Она вспомнила, как тот растерянно лепетал: "Надо убрать немедленно, все только начинается... куда спешить... мы друг к другу-то еще не притерлись..." И, вдруг все поняв по ее окаменевшему лицу, резко сказал, загасив сигарету о стену возле двери деканата:
"Если пойдешь на авантюру, на меня и мое имя не рассчитывай. Я ни за что не отвечаю". Она крутнулась на каблуках, бросив язвительно: "А ты и так ни за что не отвечаешь! Это мое!" А может, зря? Надо было как-то... Как? Ведь я ему нравилась... И пошла прочь, исступленно ожидая, когда окликнет. И ревела в три ручья, колотила мокрую подушку, кричала. И назвала сына именем отца – единственное, чего Симагину не сказала. И вечерами моталась туда, еще на девятом месяце моталась, тяжело переваливаясь, опасно оскальзываясь на вечном гололеде, стояла, мерзла, ждала чего-то, глядела на пронзительное окно, которое по весне весело и преданно мыла, чтоб он не тратил время; к которому, казалось, только вчера подходила с той стороны, как хозяйка: голая, гордая, взрослая, с сигаретой в руке. "Родопи". Как сейчас помню – "Родопи". Сто лет не вспоминала, надо же, думала – стерлось. Ну и что? Хочу и вспоминаю. Наверное, по-настоящему я и любила-то только того. Потом одна дрянь. Ну, и Симагин, конечно, с ним светло. Тепло, светло и мухи не кусают. Не одна. Все равно как будто одна. Интересно, тот по мне скучает? Много женщин у него было с тех пор?
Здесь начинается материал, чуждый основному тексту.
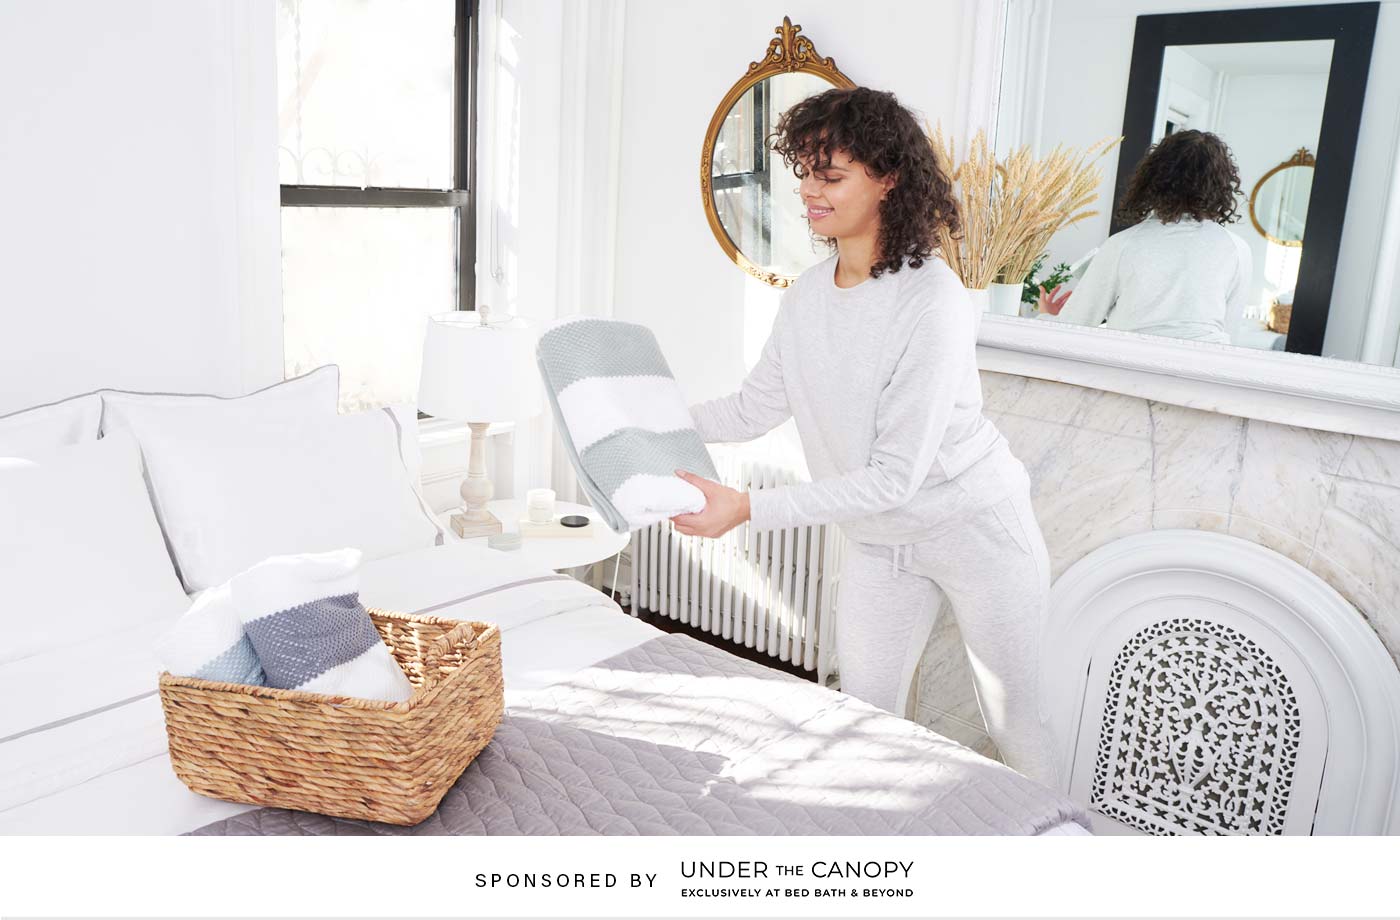 4 reasons to switch to organic linens, because your bed deserves nice things, too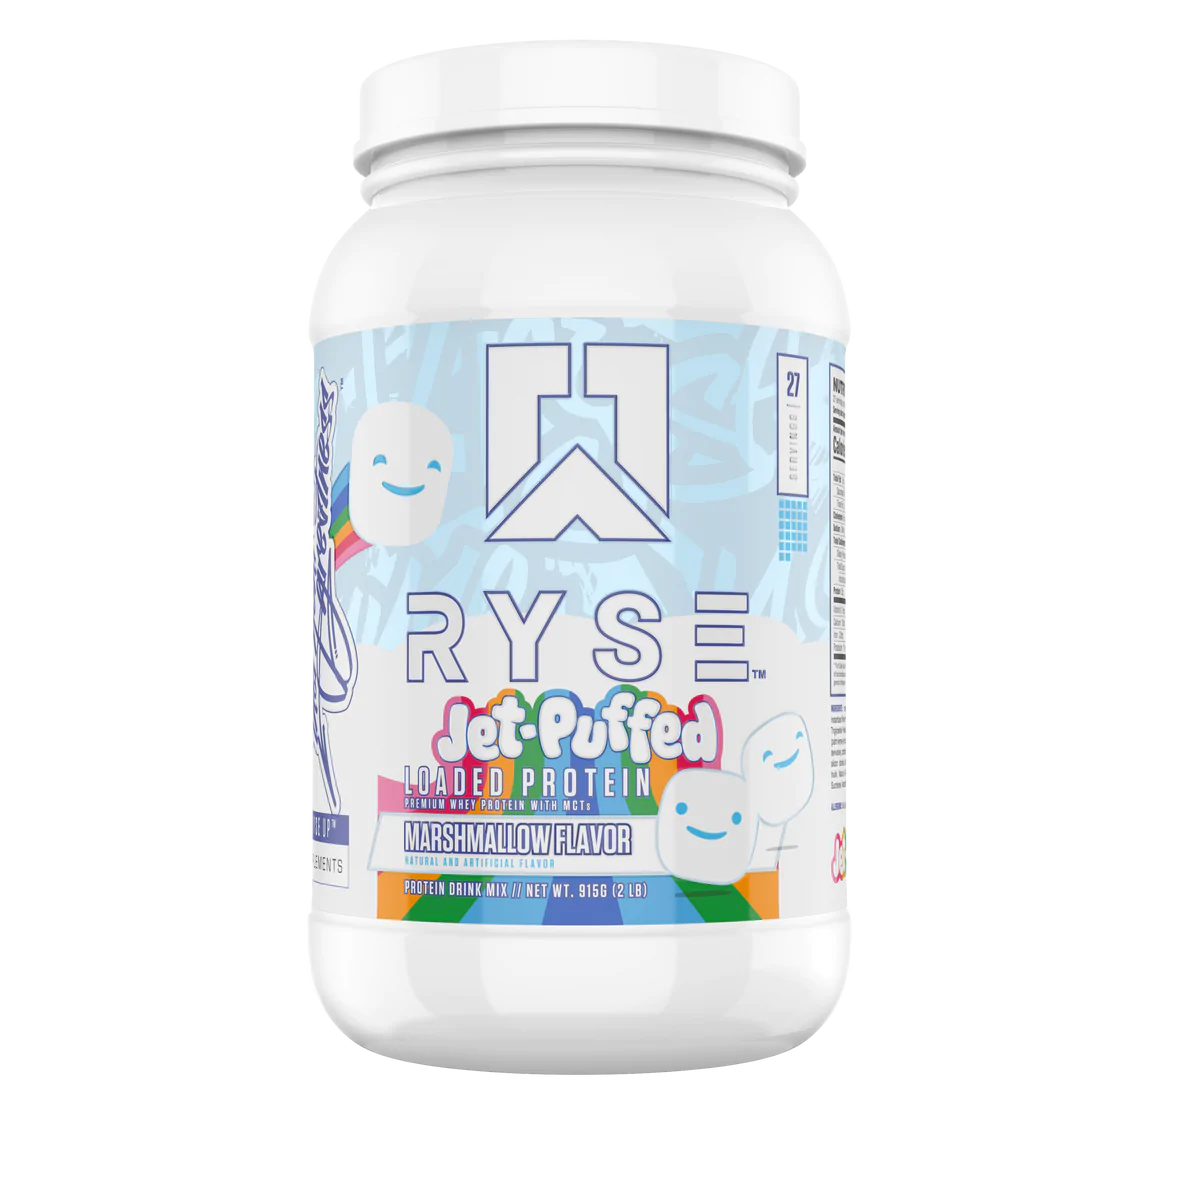 RYSE - Loaded Protein

Странно, ничего не болит, не тошнит почти. Но что-то неуловимо меняется, и главным становится другое, и мужчина уже чужой, и только легкое отвращение испытываешь к тому, чего раньше ждала с погибельно сладкой дрожью. Интересно, с тем было бы так же? Только б Симагин не догадался. Или сказать? Мы же все друг Дружке говорим. Он заботливый. Как он грел меня позавчера. Что же все-таки со мной было?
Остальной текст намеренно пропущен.